Teachers, education workers and their supporters rally at Queen's Park, August 28, 2012.

Every year on Labour Day, tens of thousands of Ontario workers march through the Dufferin Gates of the Canadian National Exhibition in the Labour Day Parade organized by local and provincial unions. Every year this event is an exhilarating display by the working class of the power of its numbers and of its capacity for independent organization and action.

This year at the Labour Day celebration workers will be asking themselves many questions raised by the contrast between the potential power of the working class proudly on display and the serious challenges facing the workers' movement because of the aggressive anti-worker offensive of the rich. How is it that we are not able to mobilize our vast numbers and our unique capacity for independent action in our own interest? How is it that a rich minority can get away with electing politicians like Harper, the McGuinty-Hudak team and the Ford hooligans to do their bidding. How can these self-serving politicians act with impunity to trample on workers' rights and drive down the standard of living of working people?

There have been many outrageous attacks against the working class during the past year by the politicians serving the rich minority and the international monopolies. At this time, teachers and education workers are resisting the anti-worker legislation cooked up by the McGuinty Liberals and the Hudak Progressive Conservatives (PCs) in Bill 115, the Putting Students First Act. This legislation strips them of their right to collective bargaining and cuts their pay through a wage freeze, days off and changes to pay grids. It also is intended as a template for attacks on health care workers and other workers throughout the public sector.

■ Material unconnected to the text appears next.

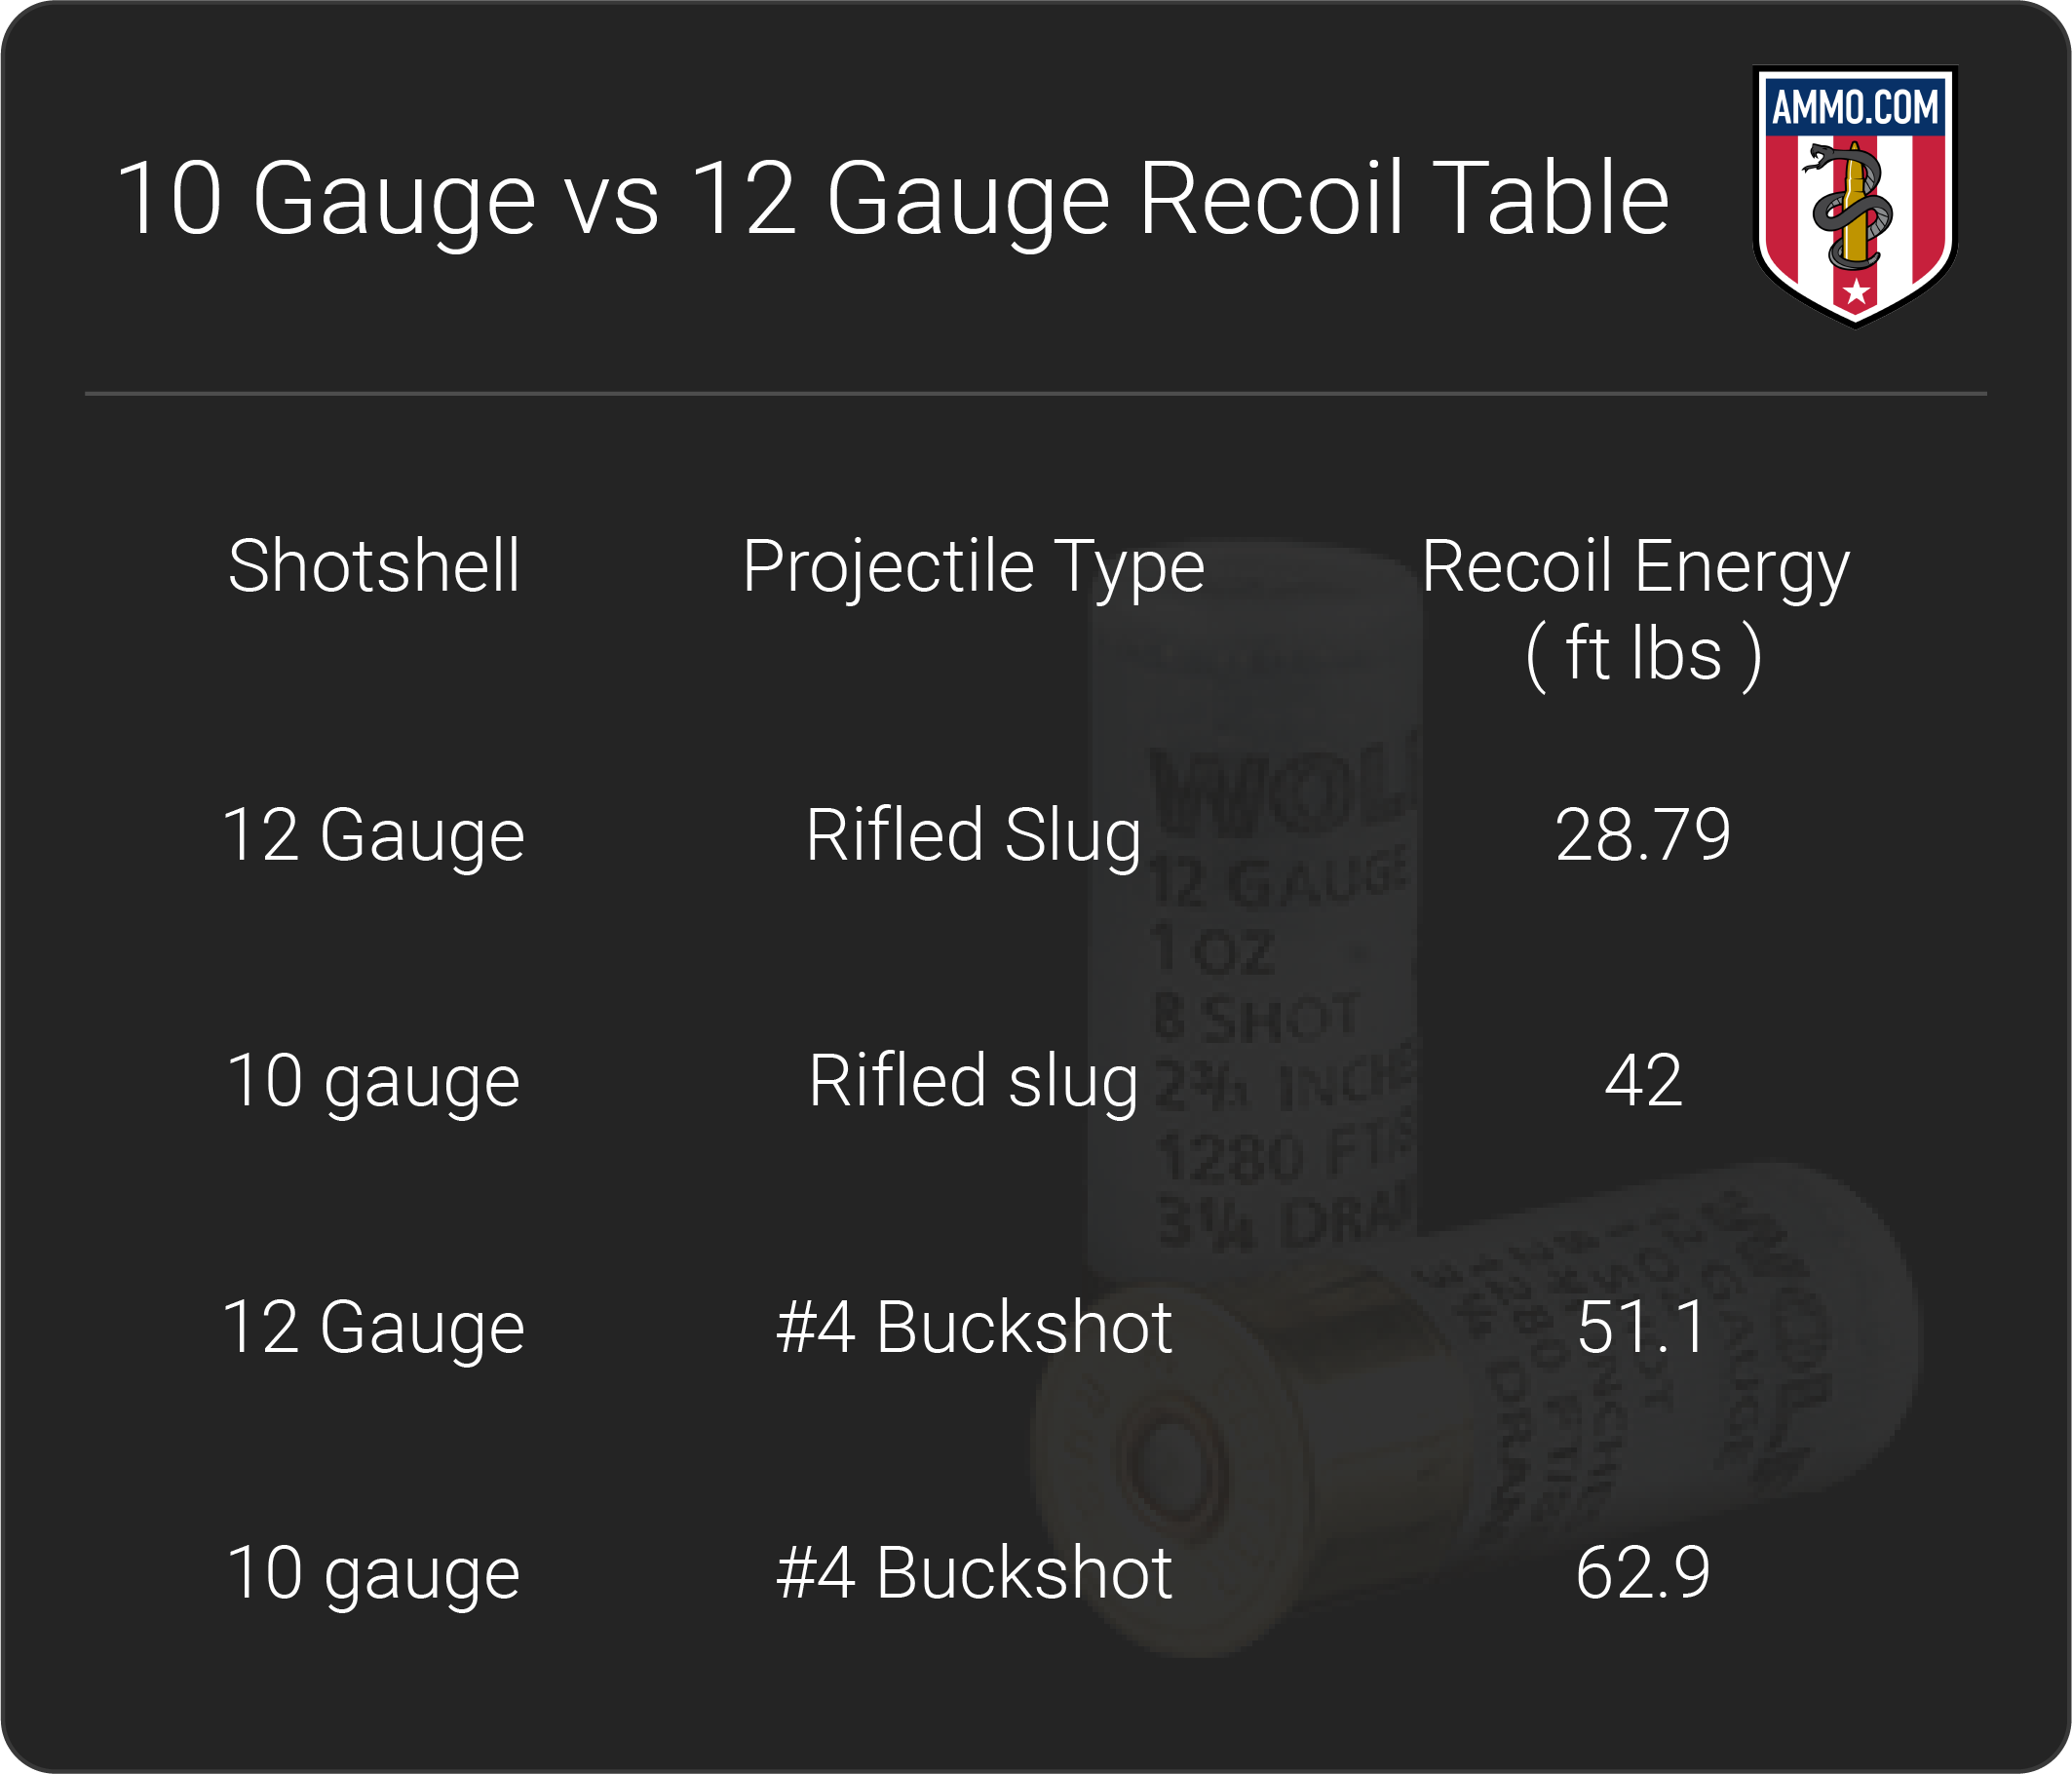 10 Gauge vs 12 Gauge recoil table

Two attacks on workers in the past year though, stand out for many workers: the phony lockout and closing of the Electro Motive plant in London by the U.S. monopoly Caterpillar and the attacks on Toronto civic workers and the privatization of waste disposal services. What stands out about both of these situations is that despite the widespread belief that this wrecking was against the public interest and despite the huge popular support workers rallied to their side, both the Ford hooligans and the Caterpillar wreckers were able to do as they pleased.

The existing political arrangements enabled private interests to triumph over the interests of workers and the public interest. Despite the widespread opinion among workers in both these cases that `This shall not pass!' the workers' movement was unable to give this just stand effective political expression.

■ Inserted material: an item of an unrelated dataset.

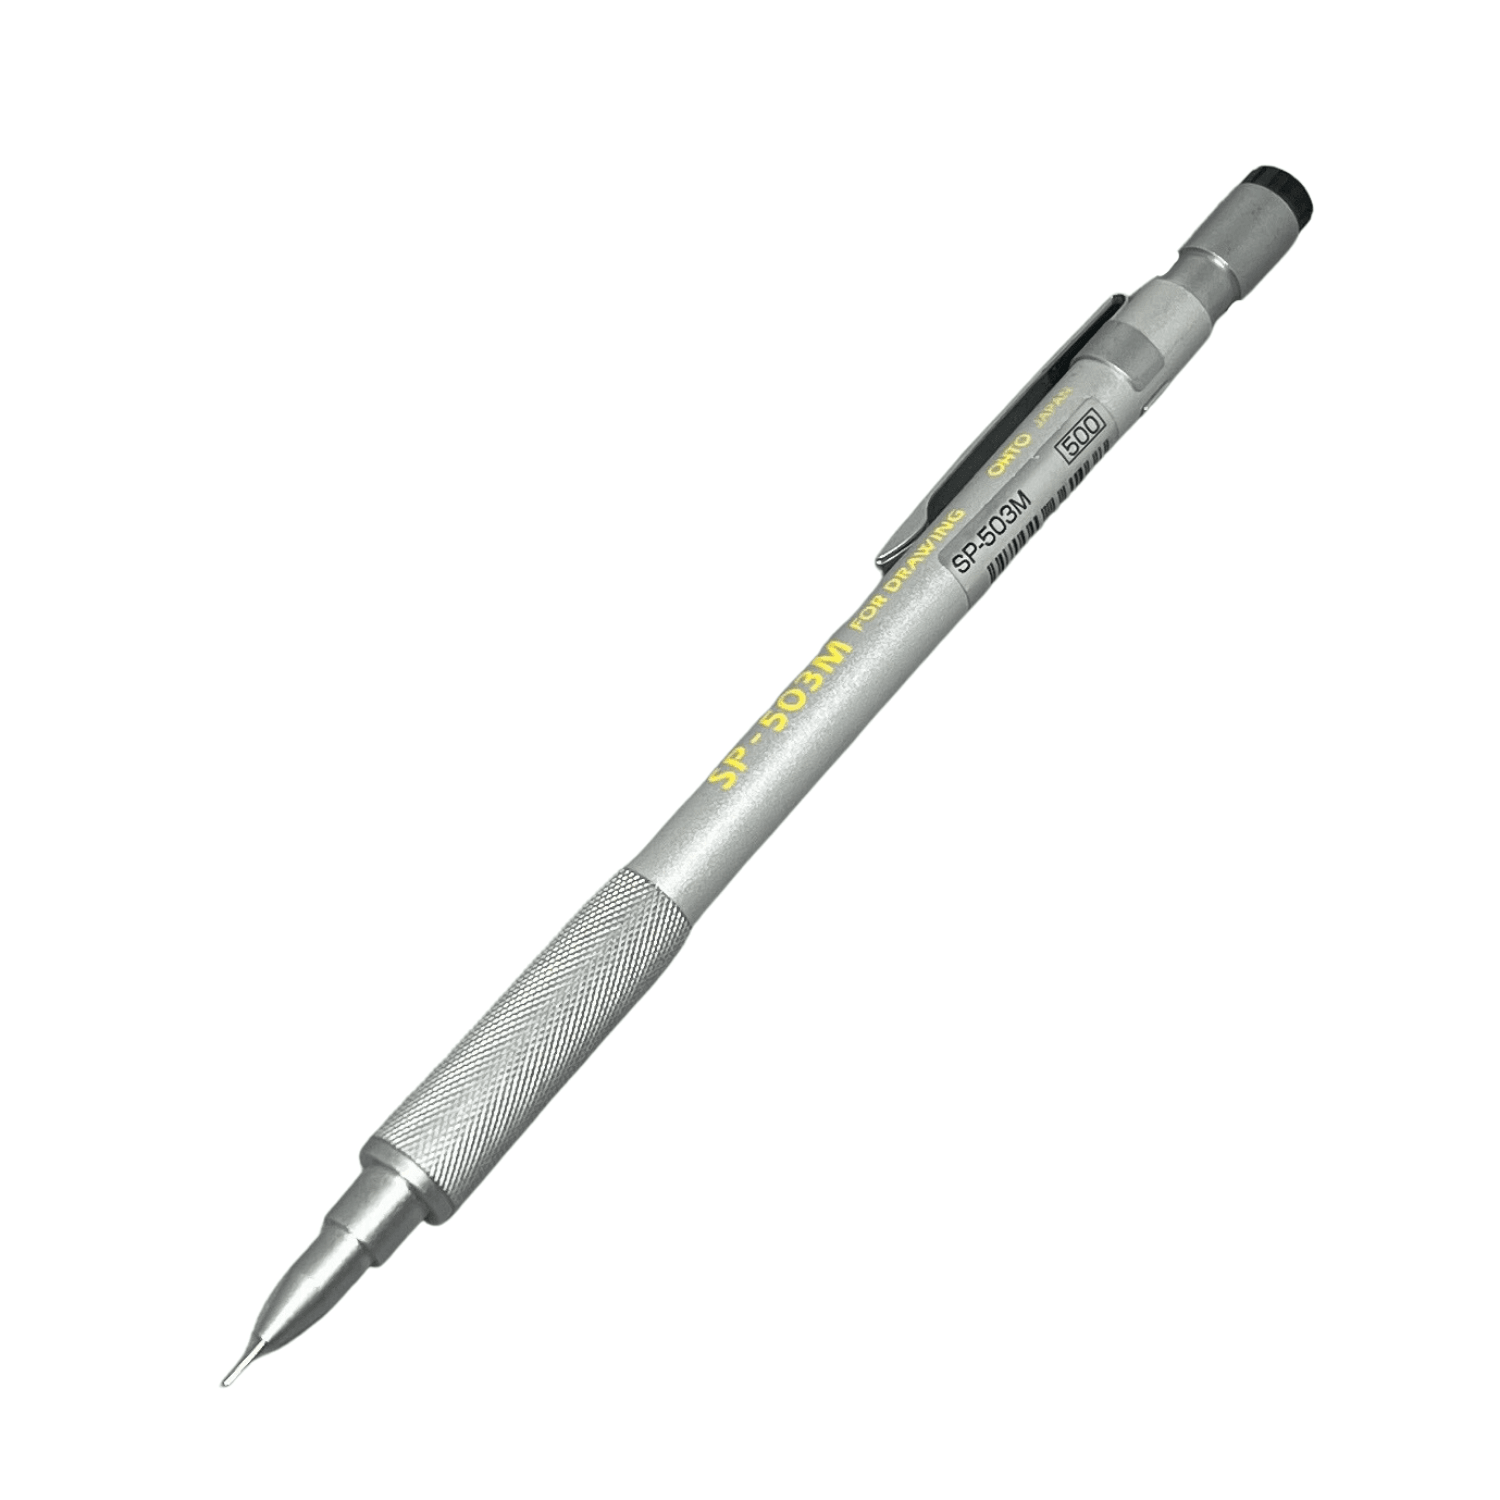 Ohto Sp 503 Mechanical Pencil 0.3 MM

This is the problem that the workers have to solve.

How can the power of the independent social and political movements of the working class be used to stop Harper, the McGuinty-Hudak team and Ford and the entire neoliberal offensive of the global monopolies? This is the problem workers are trying to work out a solution to by participating in the September 6 Kitchener-Waterloo (K-W) by-election.

Workers have been organizing in K-W for several weeks to develop independent working class political strength. They have been calling on other workers to mobilize themselves, discuss the election with their workmates and neighbours and to go all out to defeat the candidates of the anti-worker Liberal and PC parties. Injured workers have been using the K-W by-election to raise the issue of justice for injured workers since McGuinty appointed the Conservative Member of Provincial Parliament Elizabeth Witmer to chair the Workplace Safety and Insurance Board. Teachers and education workers are now joining in the K-W election campaign to put forward politics that defend their interests and public education.

On August 28, thousands of teachers and education workers rallied at Queen's Park to oppose Bill 115. Many discussed the need to organize and work for the defeat of the candidates of the Liberal and PC parties in the K-W by-election to hold these parties to account for imposing this draconian legislation on them. It would be a non-partisan stand in the sense of uniting people in action in defence of the public good but not this or that party which they may or may not believe in.

Through actions like these, the working class can begin mobilizing itself to go into sustained actions with analysis and show the real power of its numbers and determination.